Camilo Castelo Branco

A Queda dum Anjo é o título de um romance satírico de Camilo Castelo Branco, escrito
em 1866.
Nele o autor descreve a corrupção de Calisto Elói de Silos e Benevides de Barbuda,
morgado da Agra de Freimas, um fidalgo minhoto camiliano e o anjo do título, quando se
desloca da província para Lisboa.
Uma das mais célebres obras literárias escritas por Camilo Castelo Branco, descreve
de maneira caricatural a vida social e política portuguesa e traz, ainda, um aspecto risível ao
tratar, também, do desvirtuamento do Portugal antigo.
É uma parábola humorística na qual o protagonista, Calisto, um fidalgo austero e
conservador, encarna de maneira satírica o povo português. Ao ser eleito deputado, Calisto vai
para Lisboa, onde se deixa corromper pelo luxo e pelo prazer que imperam na capital. Torna-se
amante de uma prima distante, Ifigénia, nascida no Brasil, uma relação reprovada pela
sociedade puritana portuguesa. Outra atitude que provoca os princípios portugueses é a
transição do personagem da posição política miguelista (e de oposição) para a do partido
liberal, no governo. Ironicamente, a esposa de Calisto, Teodora, uma aldeã prosaica, imita-o na
devassidão e é igualmente corrompida. Ao ser ignorada por Calisto, sucumbe ao prazer da
modernidade juntamente com um primo interesseiro com quem passa a ter um relacionamento.

RESUMO DA OBRA:
Calisto Elói, era morgado de Agra de Freimas, vivia em Caçarelhos em perfeita
harmonia com a sua esposa, D. Teodora de Figueiroa. O seu conhecimento dos clássicos, aos
quais dedicou toda a vida, enche-o de uma sabedoria moralista e conservadora que o faz ser
eleito deputado pelo círculo de Miranda. Entretanto muda-se para Lisboa. O idiolecto florido do
deputado ibório Meireles, cujas tendências plagiárias Calisto não tarda a denunciar. O seu
estatuto incorrupto e, contudo, anacrónico é simbolizado pelo traje, cujo feitio copiara daquelas
do seu casamento, molde imutável de todo o seu vestuário desde então.

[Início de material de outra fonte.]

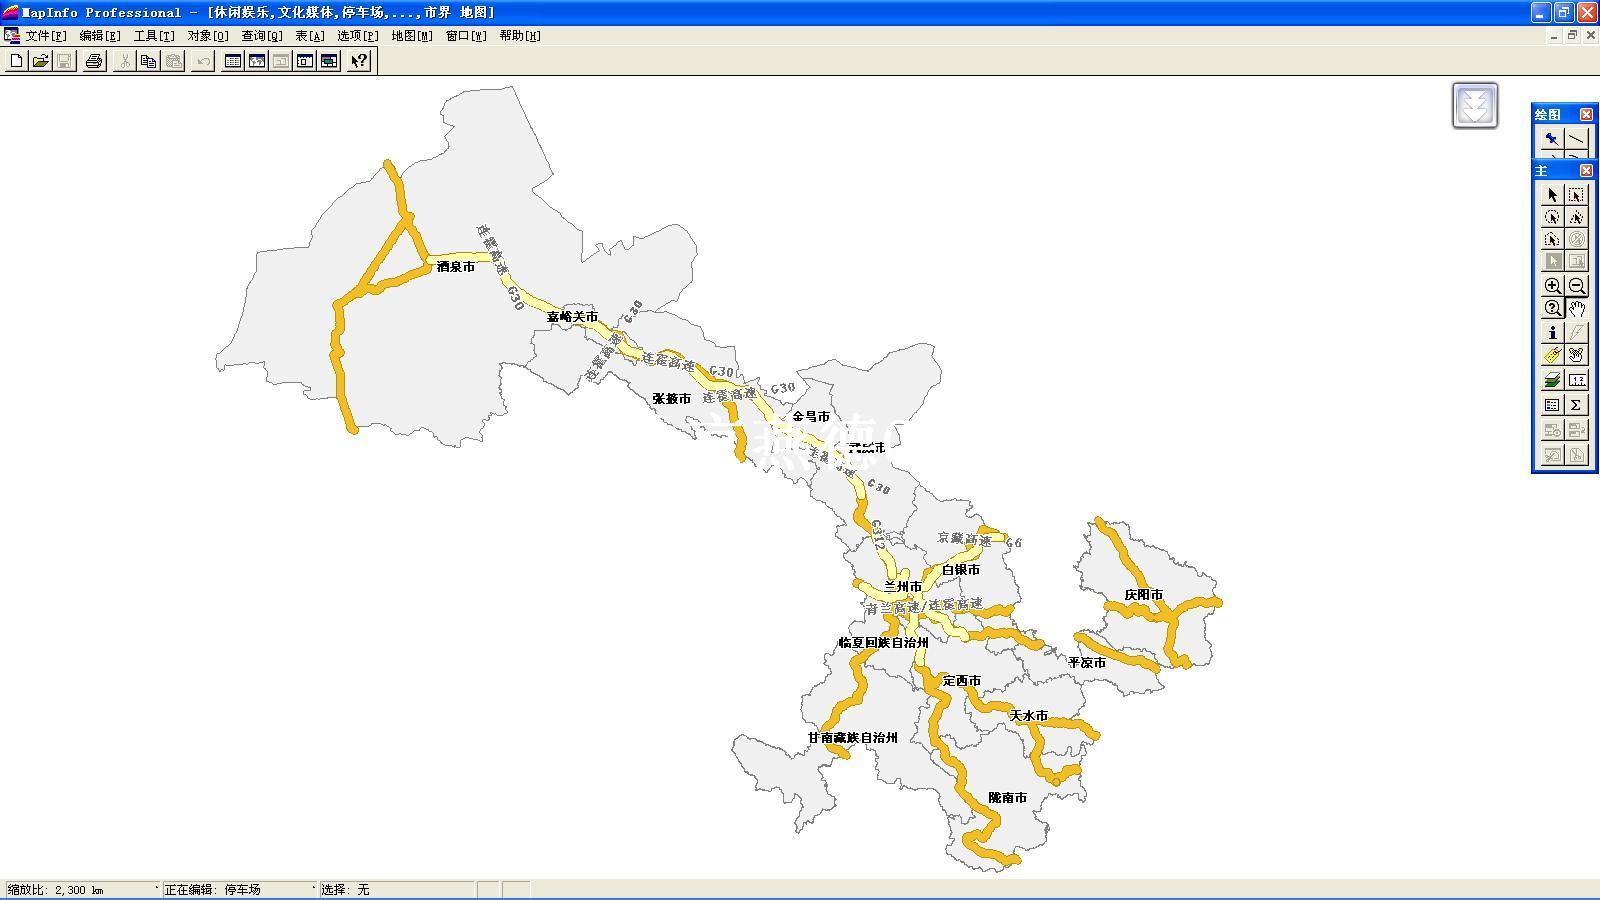 甘肃省经纬度地图

Mas a experiência da
sociedade lisboeta, cheia de mulheres atraentes, que lêem Balzac, não deixa o herói imune. A
contaminação da personagem e os indícios da queda expressam-se exteriormente através da
primeira visita a um alfaiate lisboeta, impulsionada pela intenção de impressionar uma jovem
menina casadoira cuja irmã, ele mesmo acabara de resgatar de uma ligação adúltera. Esse é o
primeiro passo na transfiguração de anjo em «esbelta figura de homem». A sua própria mulher
não o reconhecerá. Esta transfiguração exterior traduz a sua moral, consumada na defesa de
princípios liberais em discursos tão ocos como aqueles que no início condenara e na ligação
adúltera que mantém com uma viúva brasileira, D. Efigénia Ponce de Leão, de quem terá dois
filhos. Por sua vez, D. Teodora, último reduto aparente do Portugal antigo, deliciosamente
expresso nas suas cartas ao marido não correspondidas, acaba por relacionar-se com seu
primo, adoptando também ela as novas modas com que contactara numa viagem iniciática a
Lisboa, que foi a última tentativa falhada de reaver o marido.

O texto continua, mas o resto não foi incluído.